A year and a half ago, award-winning bartender James Lee gave up his post as bar manager of theBitter Bar
and beverage director of the Big Red F restaurants to embark on a journey that took him first to Salida and then Denver, where he's worked with Troy Guard, Leigh Sullivan, Robert Thompson and Hosea Rosenberg.
And while he says he learned a lot from that, he's now back on board full-time at the Bitter Bar, albeit in a slightly different role.
"I'm the owner, operator, bartender and dishwasher," he says, explaining that he'll function more like a general manager, since he'll be involved in all aspects of the restaurant. "Michael [Cerretani] is still the bar manager. The best part about coming back are the people who are already there, and I don't want to micro-manage them."
He also insists that he never really left. "I was one of the founding partners and the bar manager," he explains. "Even though I went away for a year and a half for other endeavors, I never really severed ties."
Still, during his time away, he gained skills and insights that he's brought back with him to the Bitter Bar. "I learned a lot down in Salida," he says. "And coming back to the Denver area, working with Troy Guard and Leigh Sullivan didn't work out at the end, but I learned a lot from their expertise and how they manage restaurants.

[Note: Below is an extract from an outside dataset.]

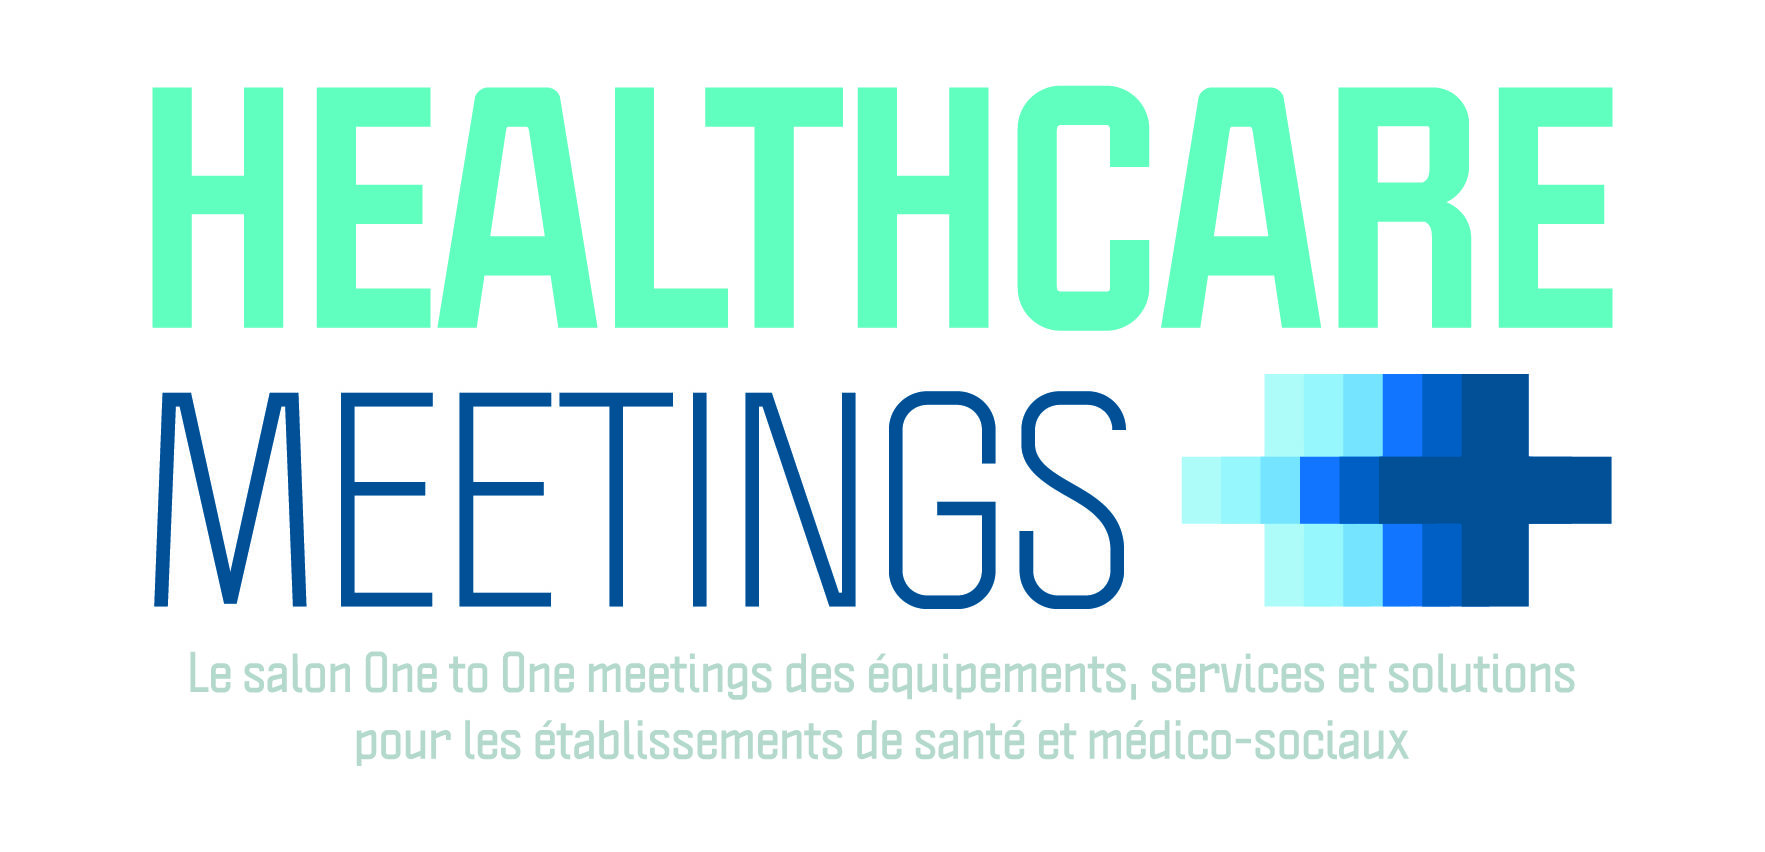 Healthcare Meetings

I had an amazing time with Robert Thompson at Le Grand. But the best part was meeting all the people in Denver, especially the social-media people. In Denver, all restaurants are involved in the community. I feel like Boulder has a little bit of a lack of that, and I'd like to bring it back."
Lee also has plans for making changes within the Bitter Bar, though he won't be switching up the cocktail list or overseeing a re-conceptualization of the kitchen. "We want to take on this new level of food and service," he says. "I think chef Joe [Arena, who will take over from Sam Proia when he leaves at the end of June] is doing some amazing things. I'm going to support his ideas and his vision to make sure the Bitter Bar has an amazing food program. We're progressing into more of a finger-food menu, but we're offering full-on entree-sized dishes, too."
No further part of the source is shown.